Battery Lane project receives next round of Planning Board approval

Battery Lane project receives next round of Planning Board approval

1,130 new apartments proposed

| Published:

A rendering of the sites proposed for redevelopment in Bethesda.

Rendering via Aldon Properties

A pitch to overhaul the Battery Lane district in Bethesda received its second round of approval from Montgomery County planners on Thursday.

Next, project leaders with Brown Development will choose the site of the first phase of development and begin designing the first building, according to a message from Douglas Wrenn, senior vice president of Aldon Properties, the company that owns the site.

Developers will have to again receive approval from the Planning Board before construction can begin.

Plans call for razing five aging apartment buildings on Battery Lane and replacing them with new complexes, capped at 160 feet tall.

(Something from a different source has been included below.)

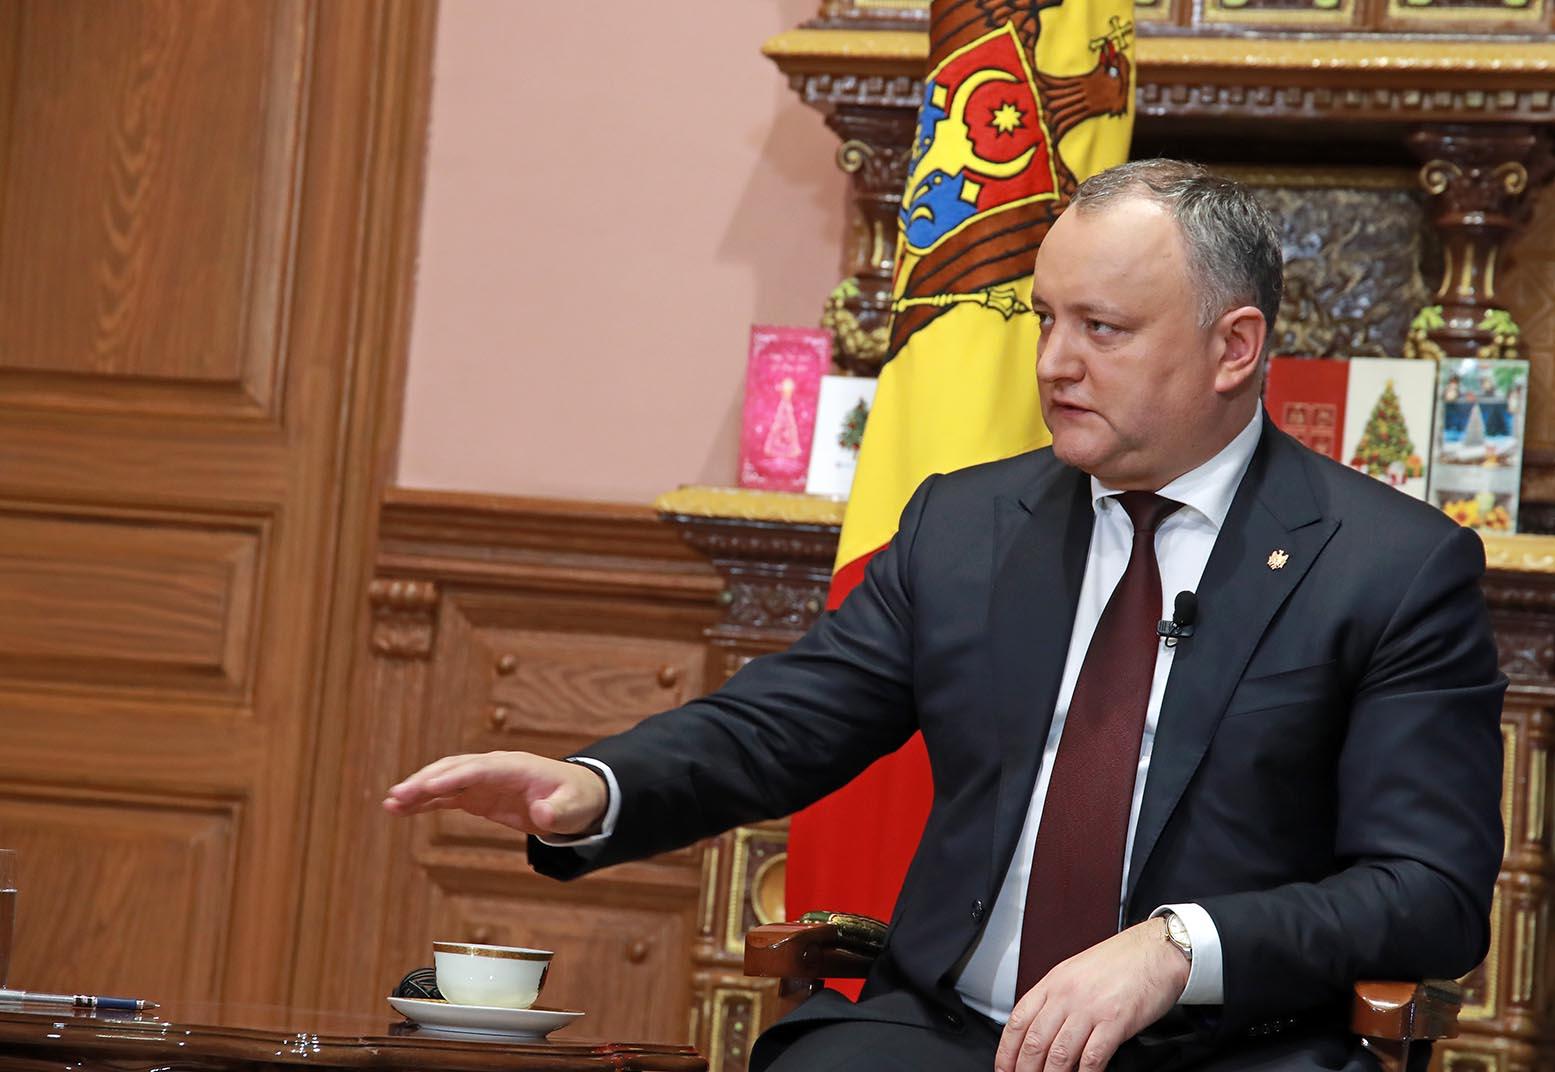 Додон: Молдова получит статус наблюдателя при ЕАЭС в ближайшие месяцы (ВИДЕО)

In total, the Montgomery County Planning Board on Thursday gave early approval to replacing 411 apartments with 1,130 new units, a net increase of 719 units.

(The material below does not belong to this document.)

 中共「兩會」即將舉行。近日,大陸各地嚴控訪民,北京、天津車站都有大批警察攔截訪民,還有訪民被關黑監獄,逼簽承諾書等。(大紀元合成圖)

A sixth building is expected to be redeveloped later, which would include additional apartments.

New apartments will range in size from “co-living units” and studios to two-bedroom units, according to Planning Board documents.

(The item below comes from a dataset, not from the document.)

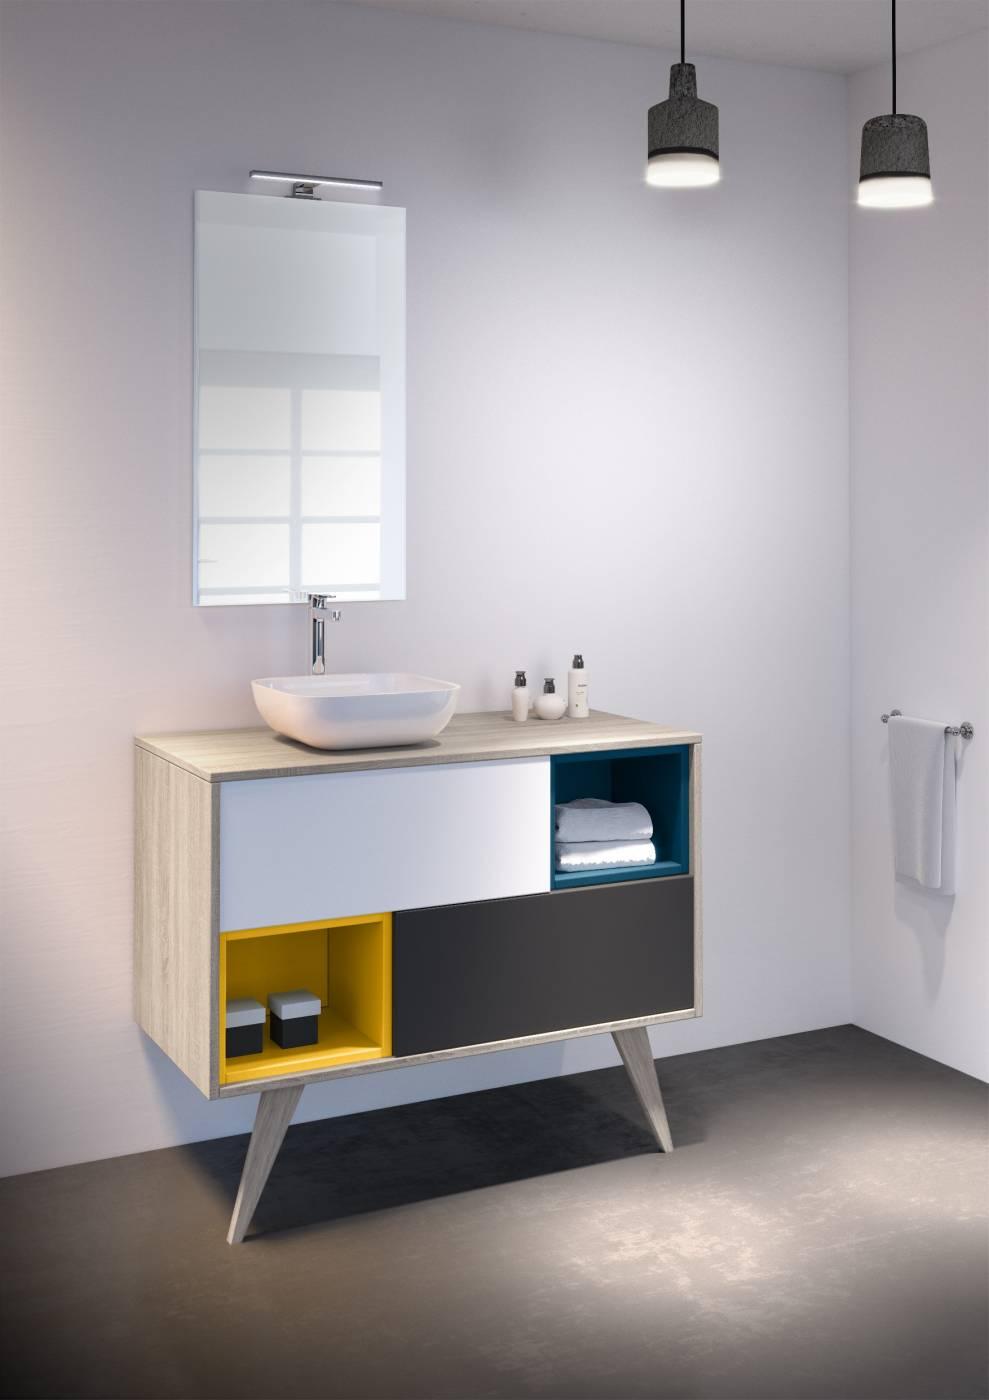 Meuble suspendu pour salle de bains Mosa¯que Carrelage intérieur

Plans also include 12,000 square feet of commercial space, several through-block connections to join the neighborhood with Woodmont Avenue, and significant landscaping, according to the development application.

Some walkways would be widened, more public open spaces would be added and a new parking garage would be built.

Also included in the project proposal is improvements to The Bethesda Trolley Trail, which provides a pathway around the National Institutes of Health connecting Rugby Avenue to Old Georgetown Road.

The project passed in a 3-0 vote from the Planning Board on Thursday.

“I would just say I think this is a great project,” Planning Board Chairman Casey Anderson said. “It is exactly what was contemplated and hoped for at the time the master plan was drafted.”

Anderson also said the project designating 20% of new units as affordable housing will be a “great asset” to downtown Bethesda.

Construction is expected to begin in late 2021 or early 2022. Existing buildings will remain in use until their turn for redevelopment.